I love Hannah ("I don't fight fair, I use weapons hookah!" LOL!) I wish they gave her more airtime cuz you don't really get to know her that well but she never disappoints! She seems to have grown too since the beginning.

SOOO glad JennShady is gone, she was so phony and DIRTY! Rubbing food on your body and pissing in the sink? Come on now! 

Andrea...she seems too level headed to be in that house. I like her but wish she had more of a backbone. The way she's putty in Cordelia's hands upsets me. Cords loves the drama that's surrounding her, being the center of attention and having people fight her battles. I think it's BS that she's getting a lot of crap for her diary/blog because it was meant to be private. It's like someone reading your diary and then getting mad at you for it! I think she should have talked about her issues with Cords to her face, but it's still not fair that she's getting reamed for her PRIVATE entry.

I didn't care too much for the season at first cuz all the girls really put me off with their attitude and crazyness, but watching some of them mature and the drama along the way always pulls me back! Damn, considering how crazy this season is makes me wonder about season 3 lol!


----------



## neezer (Apr 30, 2008)

i didnt know cordelia was a porn star :-\


----------



## Brittni (Apr 30, 2008)

MySpace.com - www.myspace.com/277784212 
there's Andrea's profile. I saw it off of Cordelia's. ew. seems like they've made up. lol.

http://profile.myspace.com/index.cfm...did=560  93827
There's Darleen's

Neeven has youtube blogs?? I wanna see! Link please!


----------



## beauty_marked (Apr 30, 2008)

YEAHH!!! Everyweek after the epsiode airs Neveen does a YouTube vlog. its under the playhousetv, the stations she works for:
YouTube - Bad Girls Club Blog 2.21

thats for this weeks. but if you look through the videos you will see the other videos


thats the link:
http://www.youtube.com/PlayHouseTV-find the videos under there


----------



## Dreamergirl3 (May 1, 2008)

beauty_marked got it! Gotta admit tho, as much as I dislike Neveen she cracks me up.


----------



## Lauren1981 (May 1, 2008)

THANKS TO BRITTNI AND NEEZER FOR THE MYSPACE URLS AND BEAUTY MARKED FOR THE YOUTUBE BLOGS

AND OF COURSE...........

EVERYONE WHO SHARES THE SAME SORDID INTEREST IN THESE GIRLS WHO DON'T DO ANYTHING BUT GET DRUNK, TALK SHIT, AND FIGHT!

HAHAHAHAHAHA!!!!!!!!!!!!


----------



## Lauren1981 (May 1, 2008)

Quote:

   Originally Posted by *neezer* 

 
_i didnt know cordelia was a porn star :-\_

 
girl yeah she's a pornstar!!!! and then tried to get mad at the hyena's for talking about it to each other and then at hanna a neveen for looking it up! she shouldn't have said anything about it!
her drunk ass doesn't even remember telling all them! lol but it's on two different eps when she brought it up! she told hanna, neveen, and tanisha and then she told jennavecia but it almost sounded like she was bragging about it to jenn or trying to look cool in front of her and her (jenn) friends.

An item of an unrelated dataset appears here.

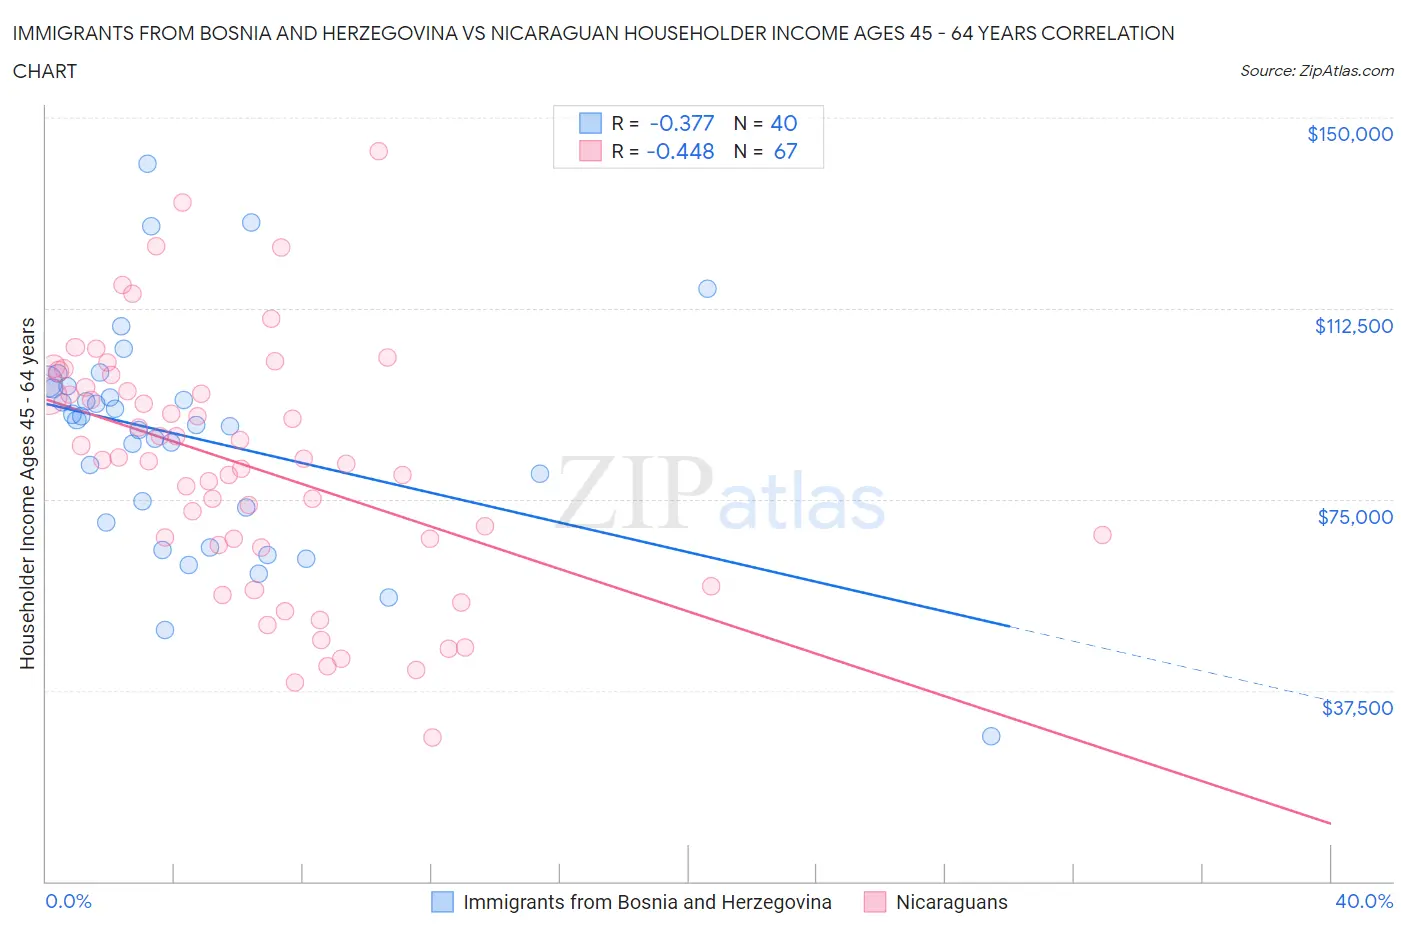 Immigrants from Bosnia and Herzegovina vs Nicaraguan Householder Income Ages 45 - 64 years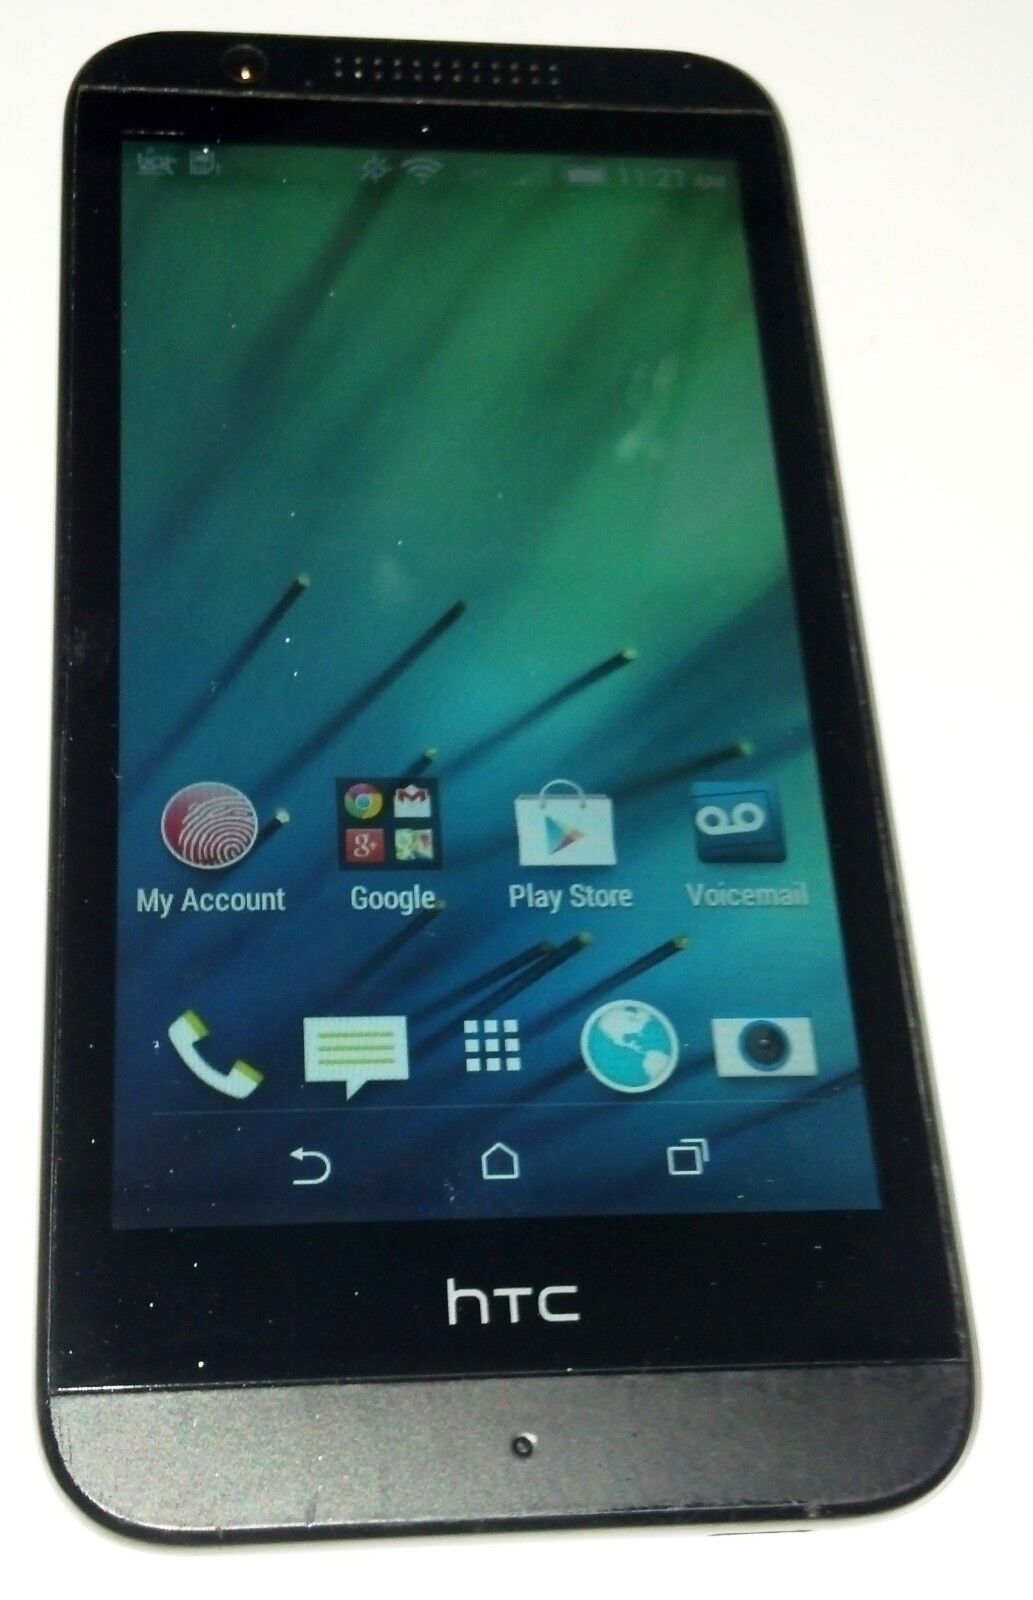 HTC Desire 510 4G LTE Black Virgin Mobile Android Smartphone - Great Condtion Без бренда Desire 4G

either way, if she did it, it's whatever but if she that ashamed of it she shouldn't have told them


----------



## beauty_marked (May 1, 2008)

Ok i am SO glad this post exist. i LOVEEEE the Bad Girls Club.
to death.
I think i have seen every episode 10 times each cause EVERY time they are on, i watch them.

I cant believe i missed tuesday nights episode. Im so off in terms of days of the week. Im a day behind. 

and theres going to be a reunion?!?!?! as if them being on Tyra wasnt enough, the reunion is going to be CRAZYYYYYY!!!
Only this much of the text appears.